NHS Impact - Embedding Continuous Improvement Into Health and Care Masterclass


First speaker, David Fillingham, CBE, Chair NHS Improvement Board described the aims and methodology of NHS Impact.

NHS Impact was created as a result of the Delivery and Continuous Improvement Review led by Anne Eden, Regional Director for the South East. NHS Impact aims for NHS to become the fastest improving healthcare system in the world.

Every NHS provider that has achieved a rating of “outstanding” from the CQC has a systematic approach to quality improvement. There are five components that form the ‘DNA’ of all evidence-based improvement methods
1.    Building a shared purpose and vision
2.    Investing in people and culture 
3.    Developing leadership behaviours 
4.    Building improvement capability and capacity 
5.    Embedding improvement into management systems and processes

When these five components are consistently used, systems and organisations create the right conditions for continuous improvement and high performance, responding to today's challenges, and delivering better care for patients and better outcomes for communities.

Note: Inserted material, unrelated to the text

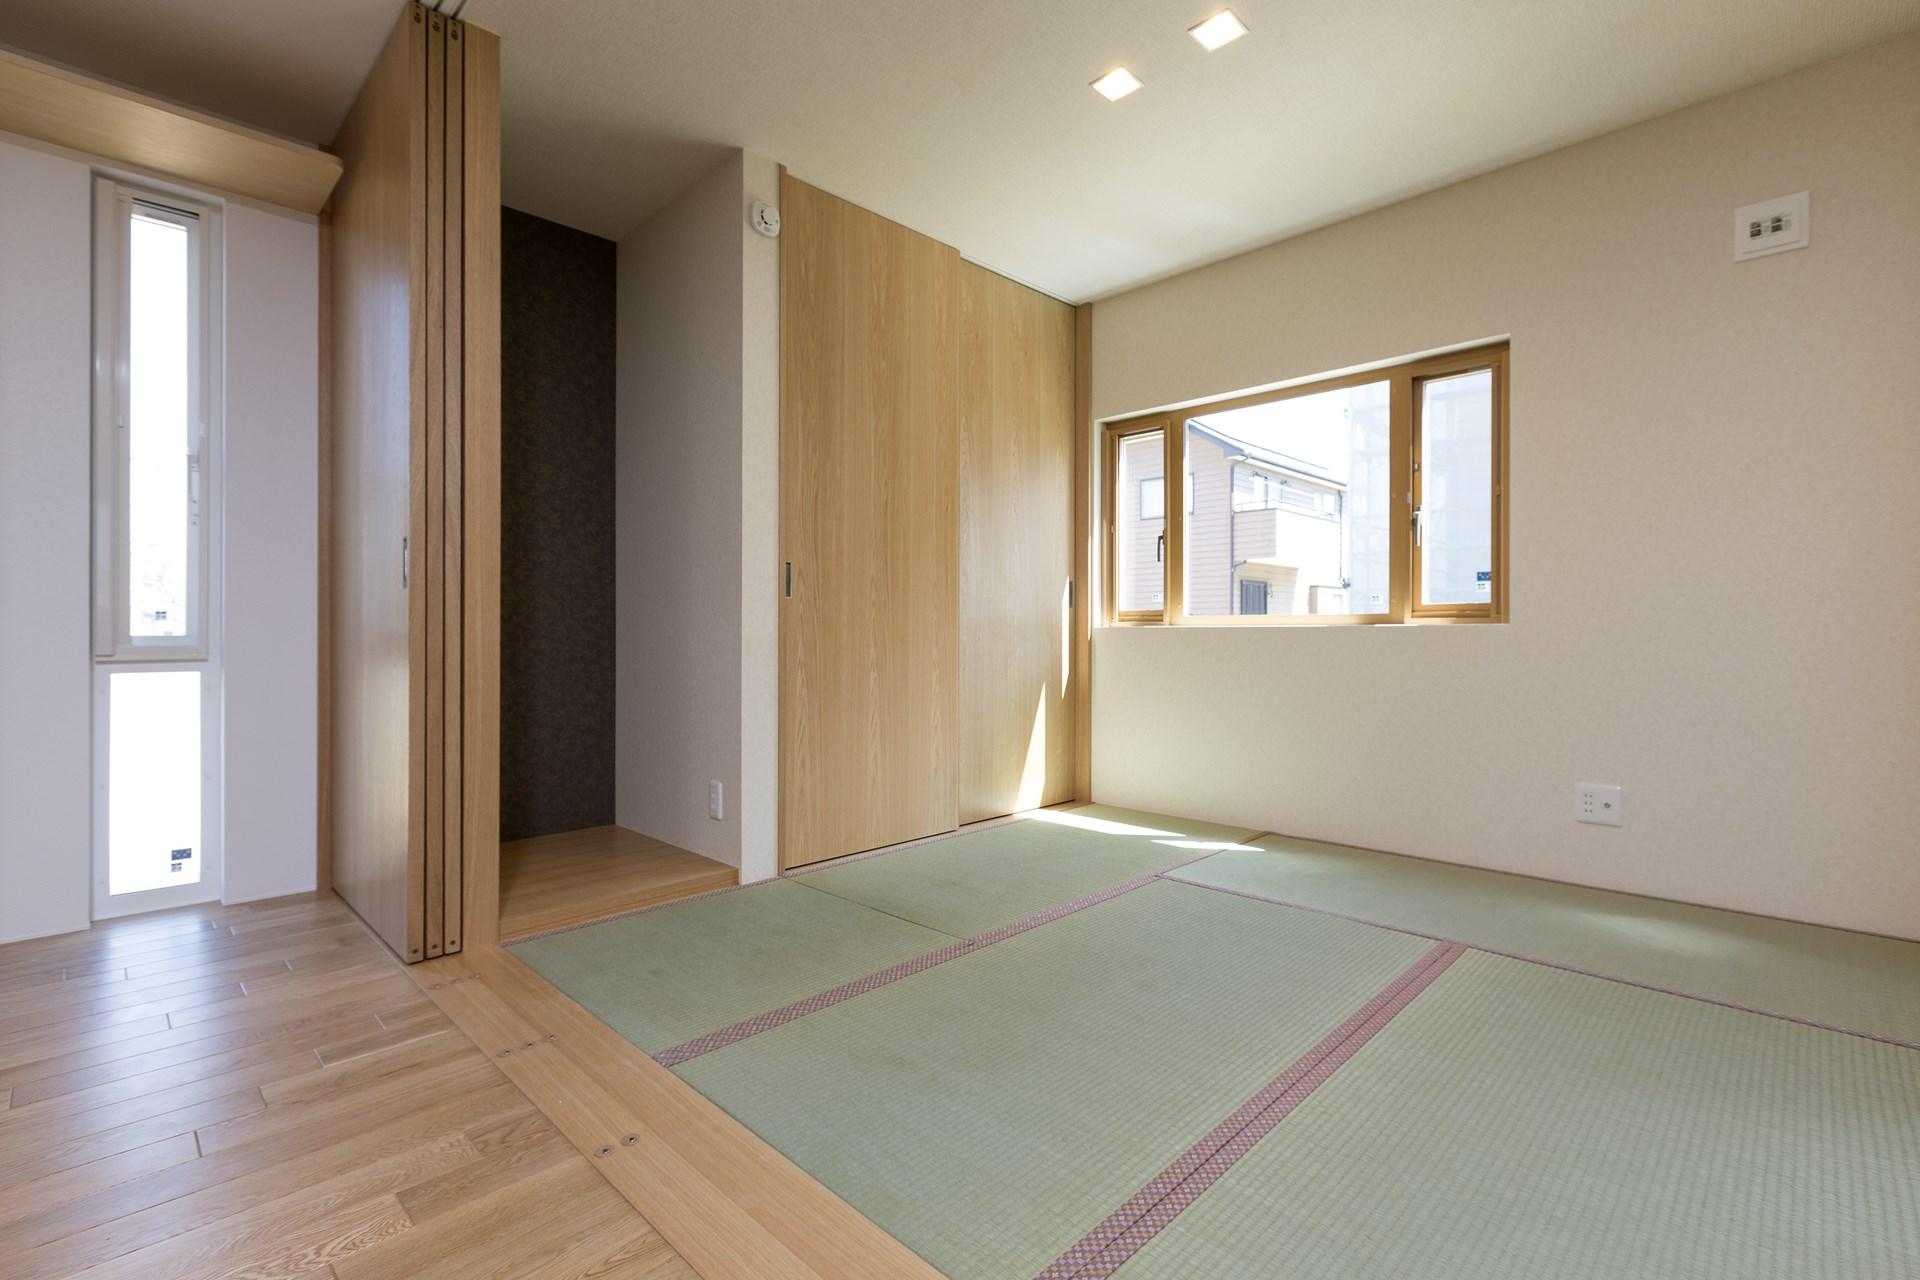 土浦市の新築一戸建ての和室

Professor Sir Chris Ham discussed the Improving health and care at scale Report. He stated that it needs realism in how long the improvement journey will take and the importance of consistency and purpose and from national leaders. The current government is keen to focus on reform not investment therefore change and improvement is the way forward.

There is innovation and improvement at ICS level, most systems have set ambitious goals for improving population health – as well delivery of care. Data about need and demand are being used to develop actionable insights for improvement. Sir Chris examined two different approaches in North East and North Cumbria and Lancashire and South Cumbria showcasing how improvement is happening and what the next steps are.

Erica Daley, NHS Place Director at Hull Humber and North Yorkshire Integrated Care Board provided a detailed case study. The ICS is the largest in country, with high levels of depravation within the local population. Hospital discharge was identified as a local system problem. She described the development of the of Discharge Collaborative, and shared the learning of changing the commissioning approach with the aim of improving patient experience, relieving pressure on health and care services and embedding the voluntary section in local services.